Contractors are removing scaffolding from Keswick’s Moot Hall following extensive repair and refurbishment work to the outside of the iconic building.
The much-needed works to the stonework, windows and roof of the 16th century building have been completed at a cost of £100,000.
The work has been funded by the Battersby Hall Trust, the community-based charity which bought the hall from Allerdale Borough Council in 2018.
Work has included repairs to the mortar pointing, based on traditional lime materials, on the northern tower while a decayed roof purlin in the south-east corner has been replaced to restore structural integrity to the roof. The original slates have been re-instated and the weather vane repaired.
Low level work still needs completing but this will be done without the extensive scaffolding that has been wrapped around the building for months.
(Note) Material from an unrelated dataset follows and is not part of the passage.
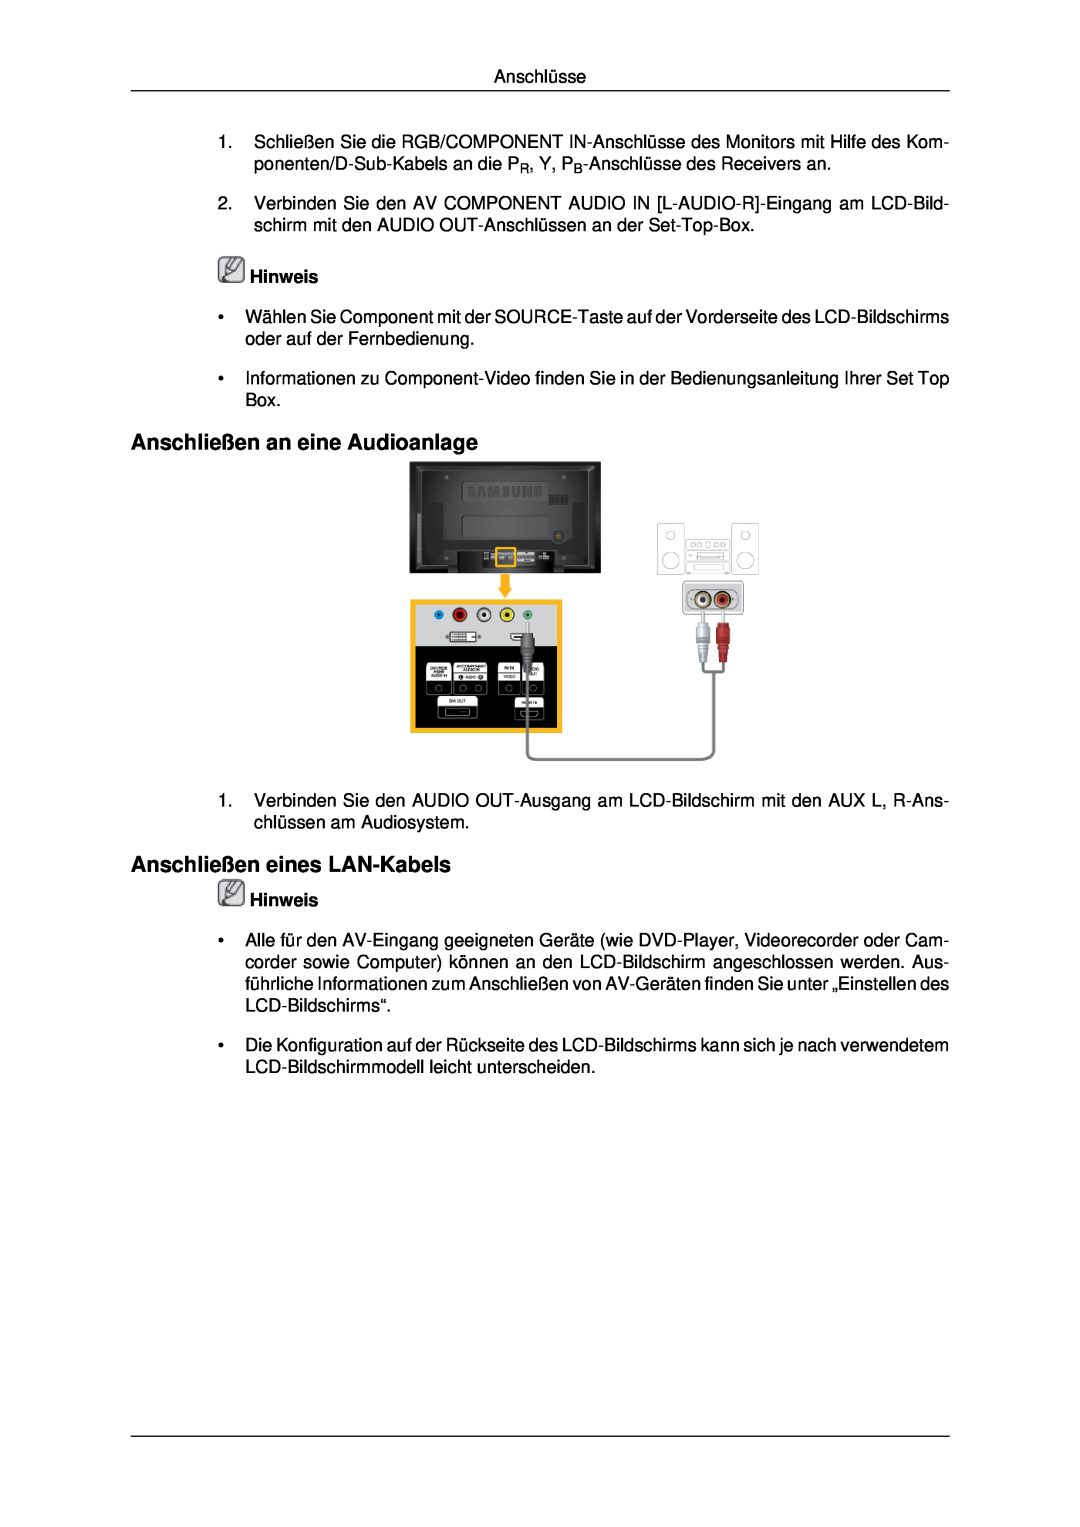 Samsung LH46MSTABB/EN, LH46MRPLBF/EN, LH40MRTLBC/EN Anschließen an eine Audioanlage, Anschließen eines LAN-Kabels, Hinweis

One of the more eye-catching pieces of work has been the replacement of the clock face, the old one being extensively rotted.
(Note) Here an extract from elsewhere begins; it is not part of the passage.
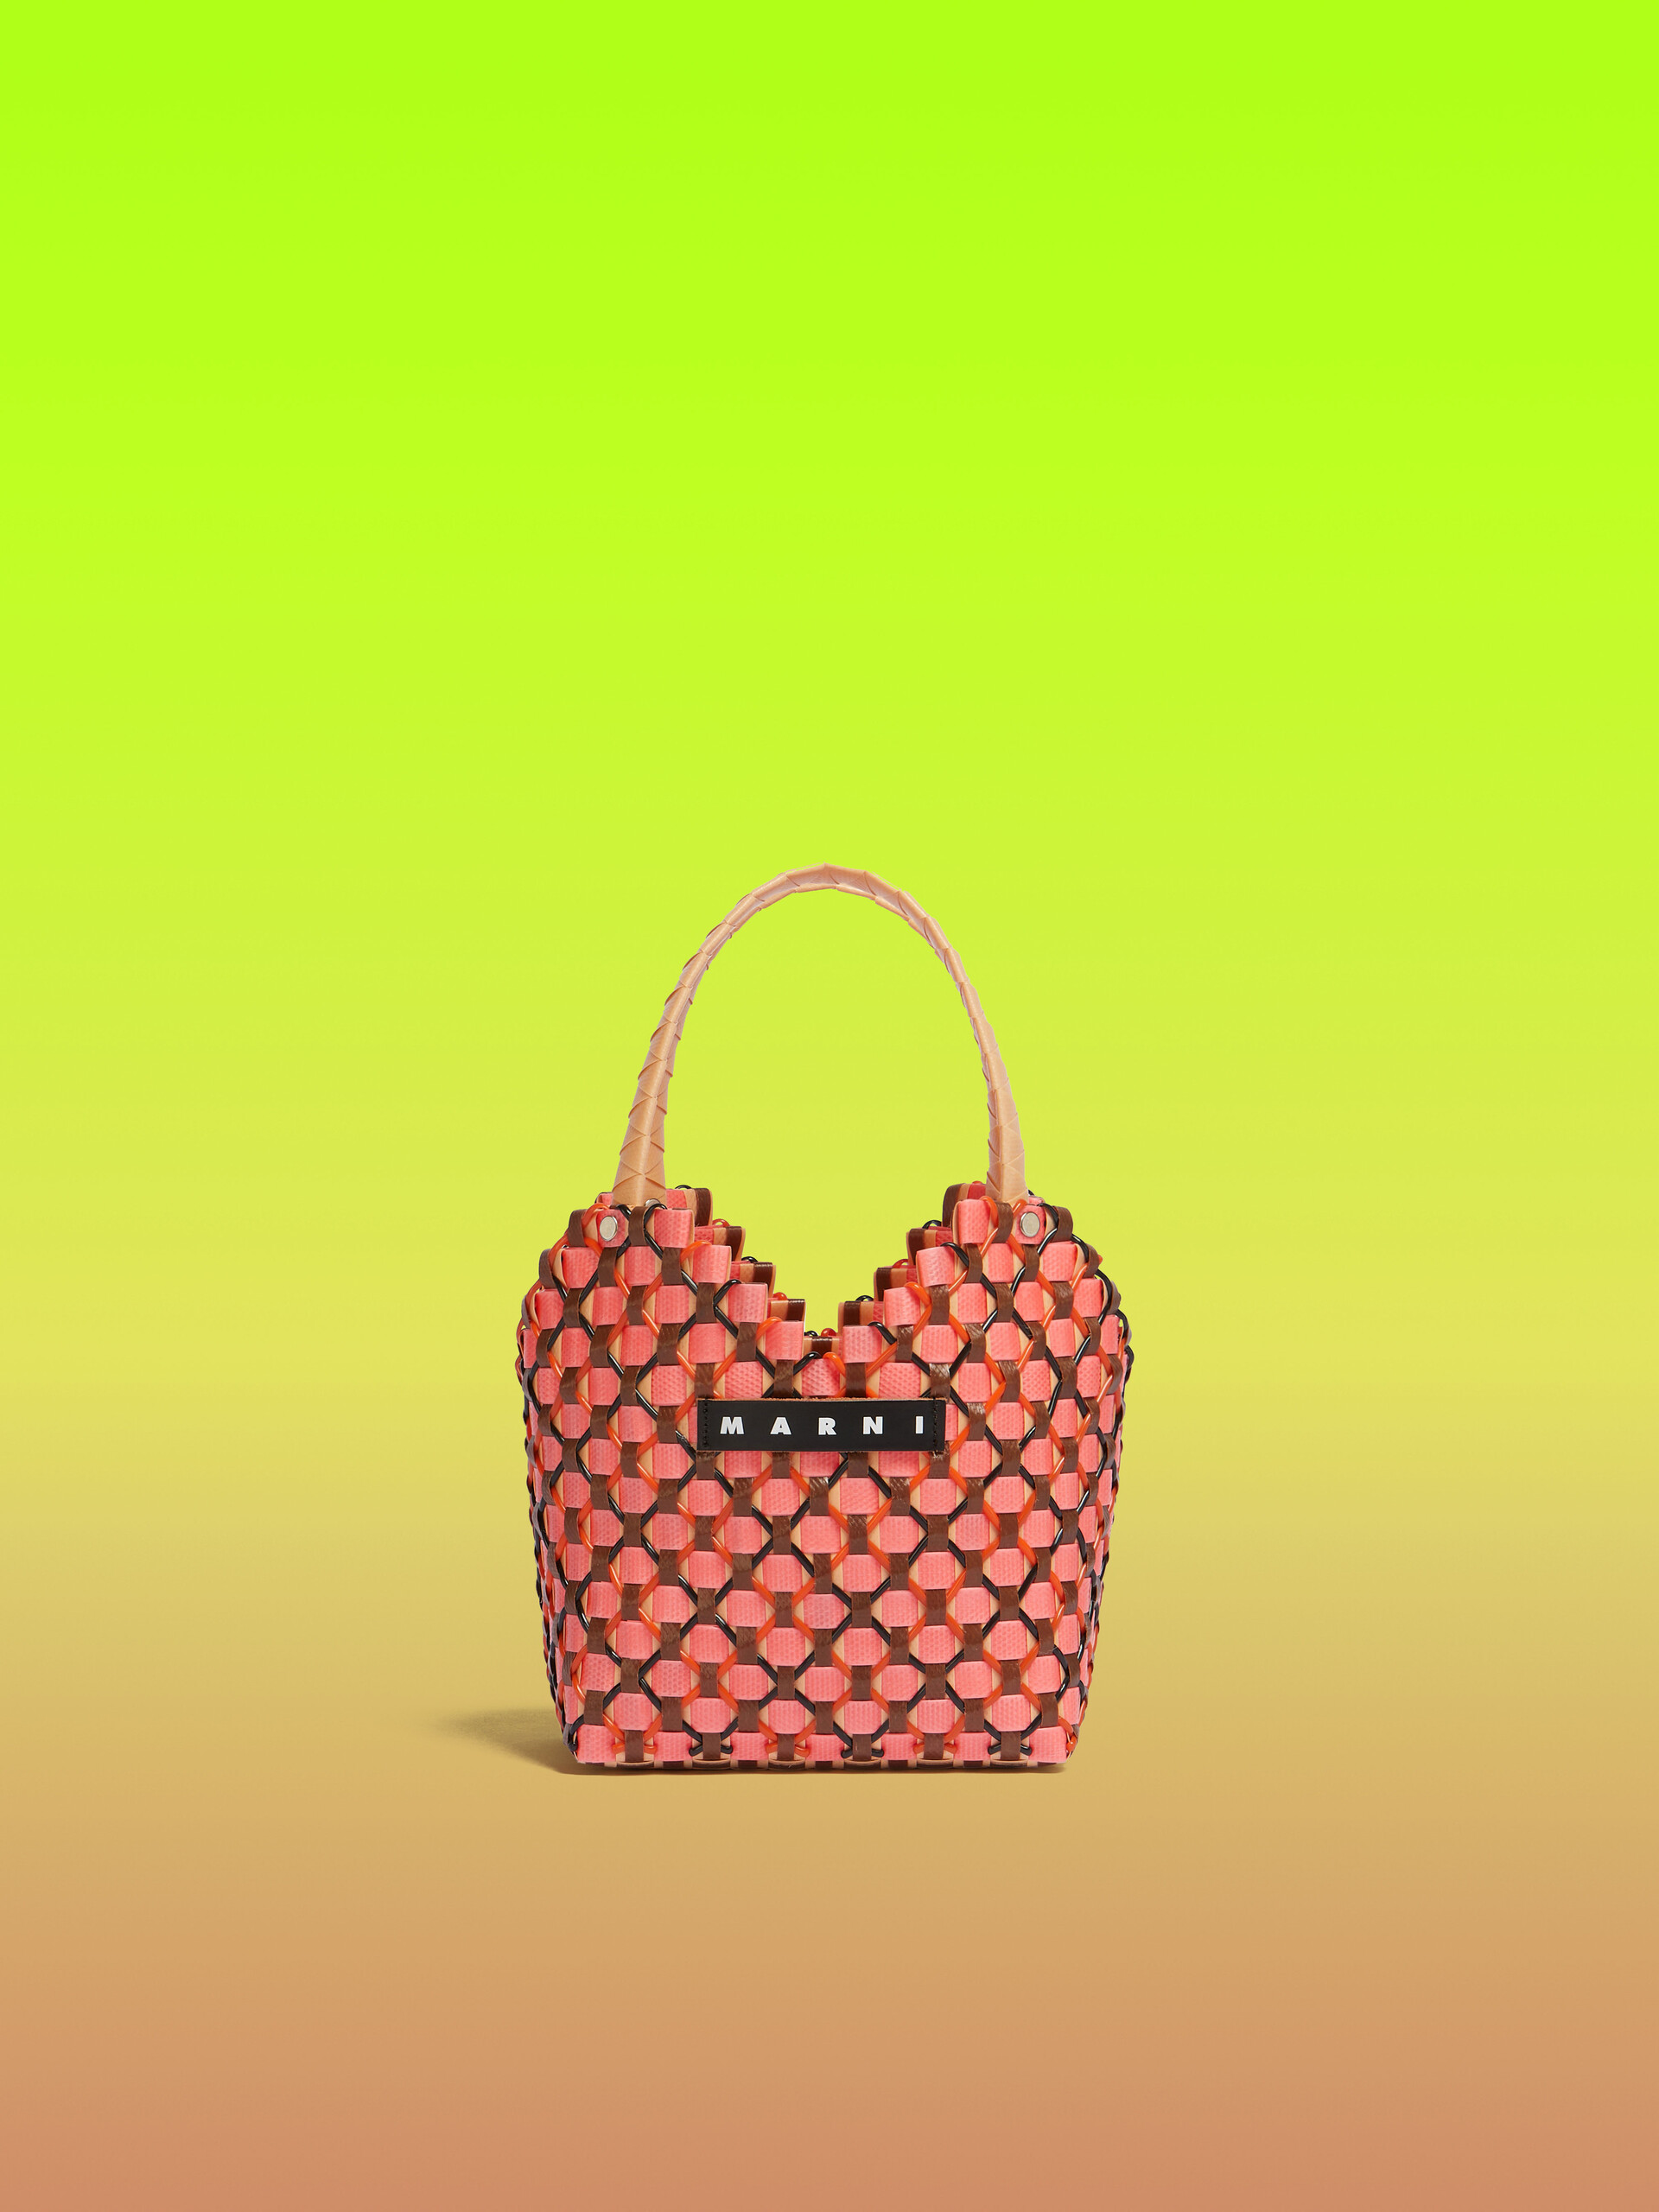 Peach Marni Market Love 2 Bag - Shopping Bags - Image 1

The work on the timepiece has been carried out by the Cumbria Clock Company in Dacre. The unusual feature about the clock is that it only has one hand.
“This renovation has been a long, arduous and expensive road for Battersby Hall Charity and I thank the people of Keswick for their patience while the works were ongoing,” said Tony Lywood, chairman of the Battersby Hall Trust.
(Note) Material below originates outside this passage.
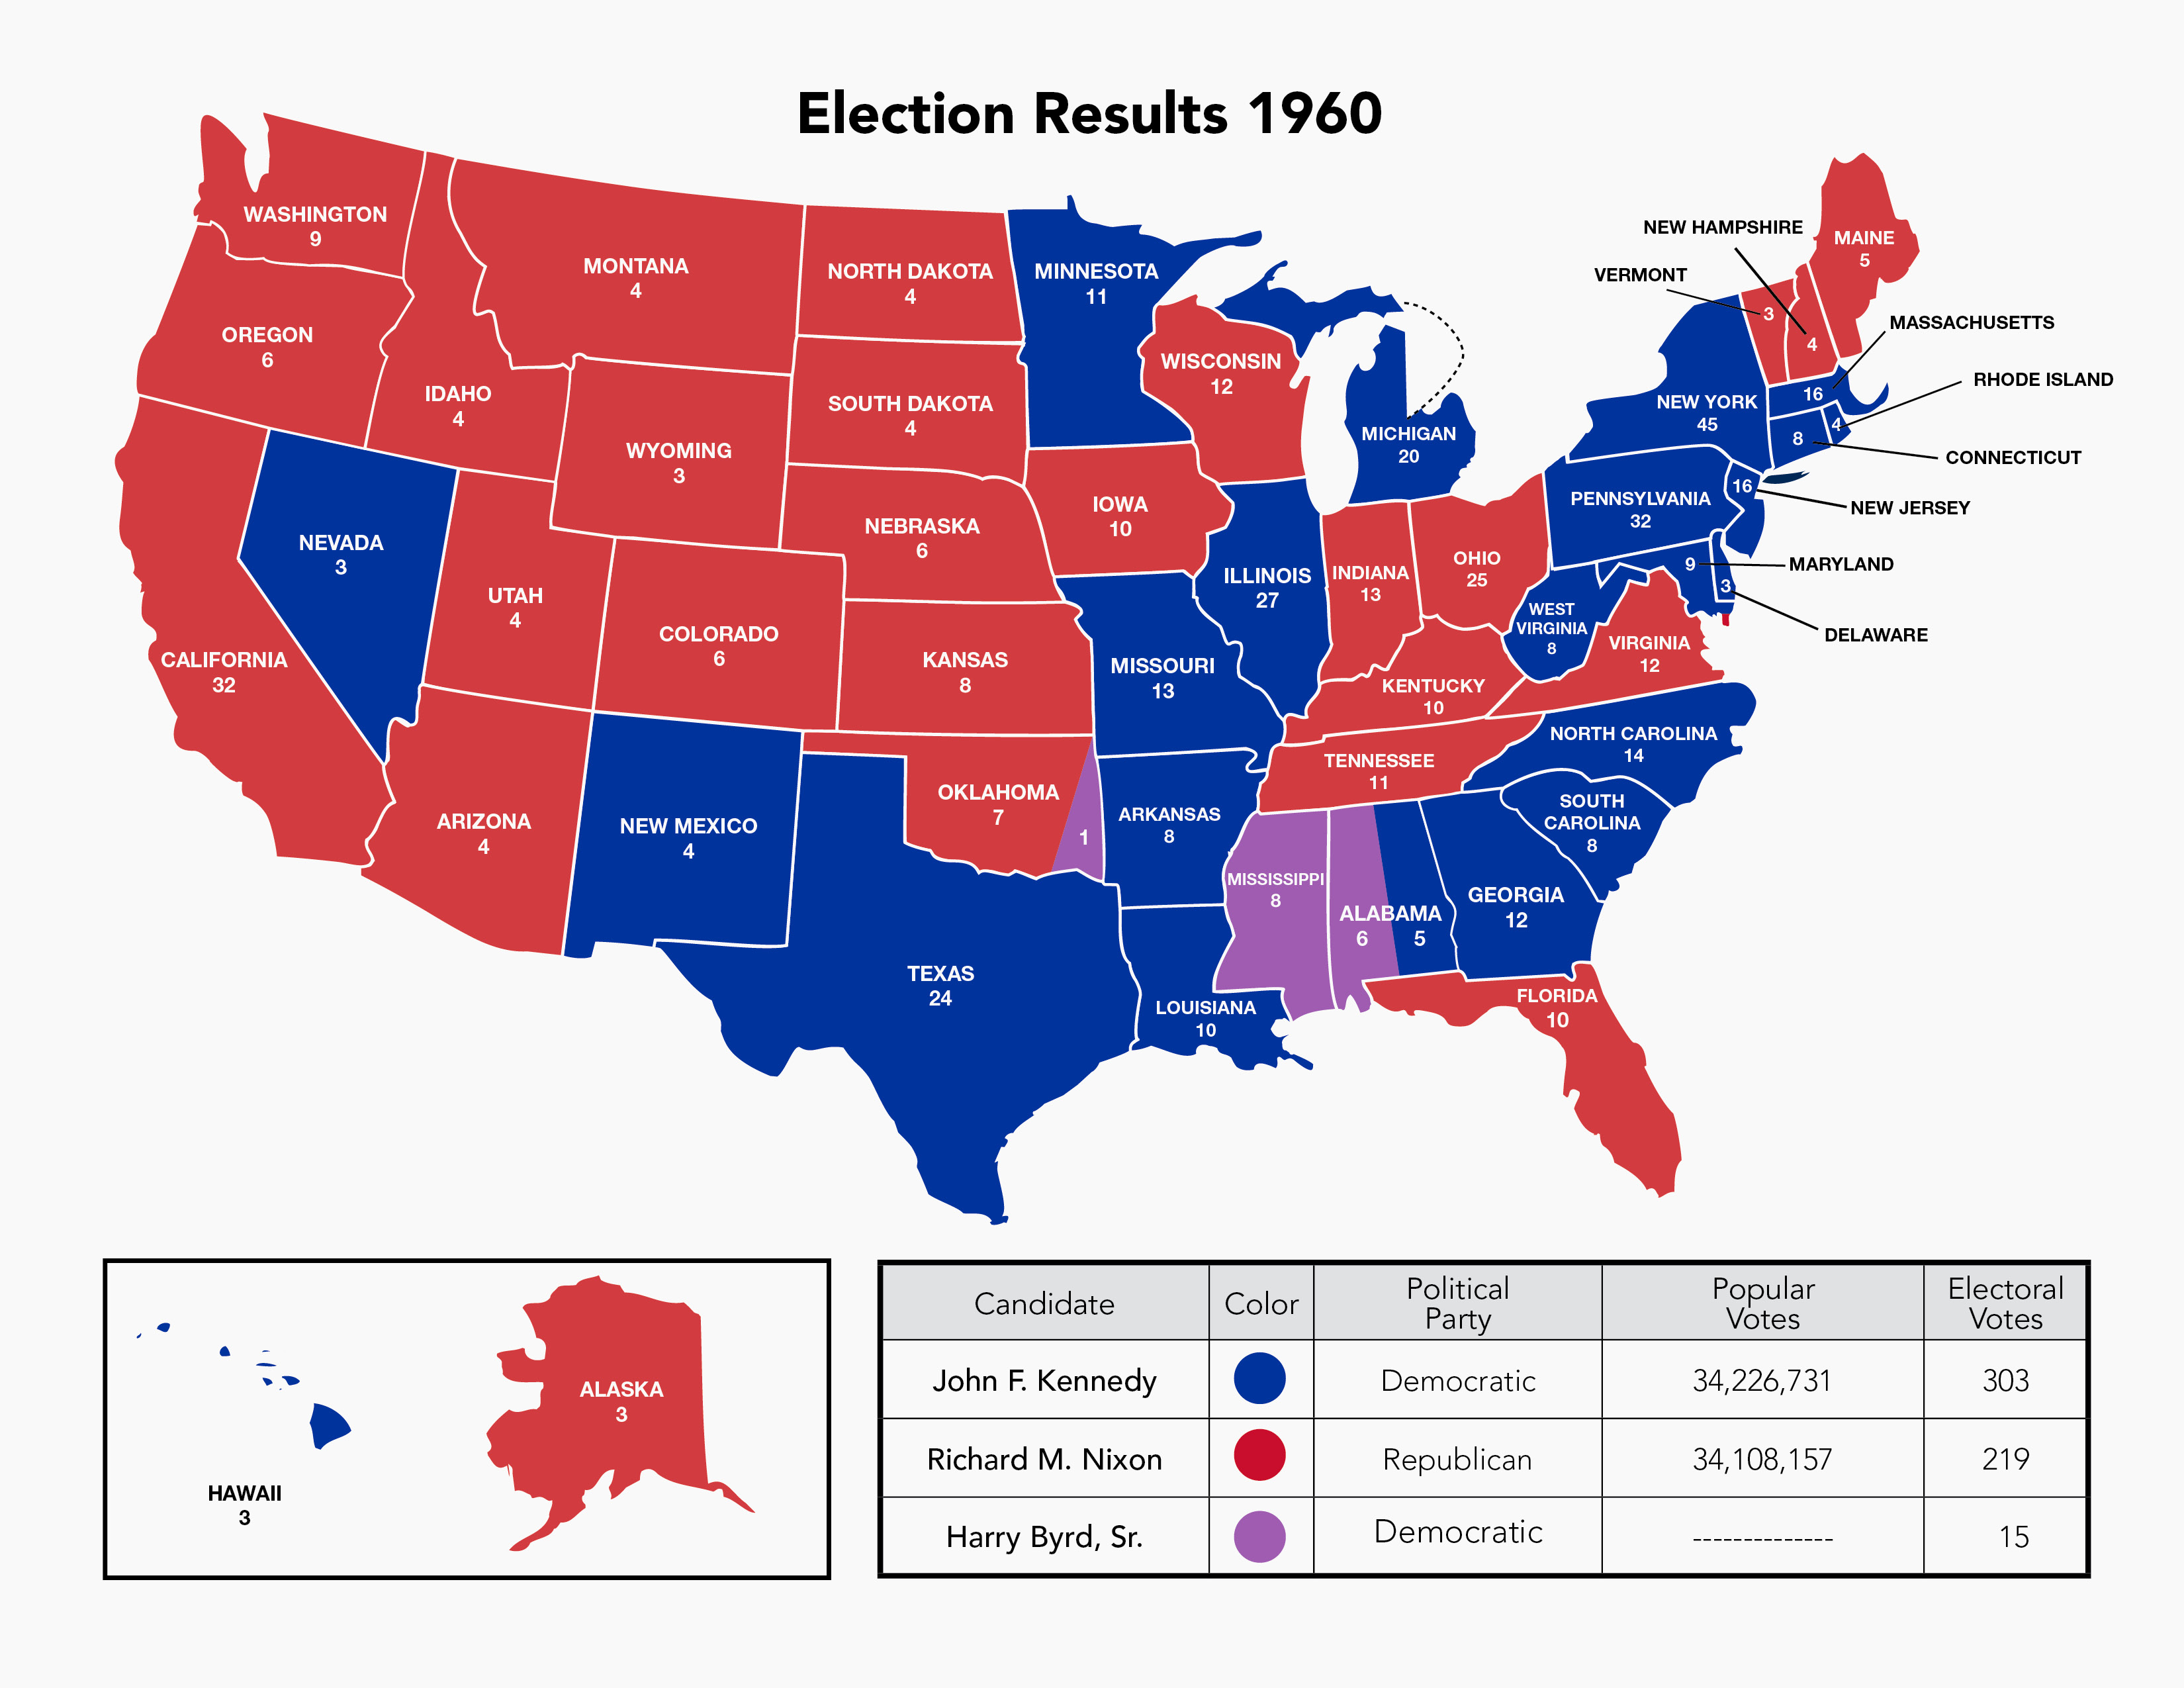 1960 Electoral Map

“I hope the Moot Hall is now in a much more presentable state than it was and reflects well on our great town.
“Equally importantly, it is owned by a local Keswick charity with a board made up of local people and will remain so in perpetuity.”
The present Moot Hall, dated 1813, was erected at a cost of nearly £1,200 by trustees of the Royal Greenwich Hospital.
They took over the sequestered estate of the Radcliffes after the 1715 Jacobite rebellion.
Records show that in the 1820s the lower floor was used as a market for meal, butter, eggs and poultry. Upstairs, the Moot Hall continued its traditional function as a court house.
Here the Lords of the Manor, the governors of Greenwich Hospital, considered claims and arguments over land and tenure.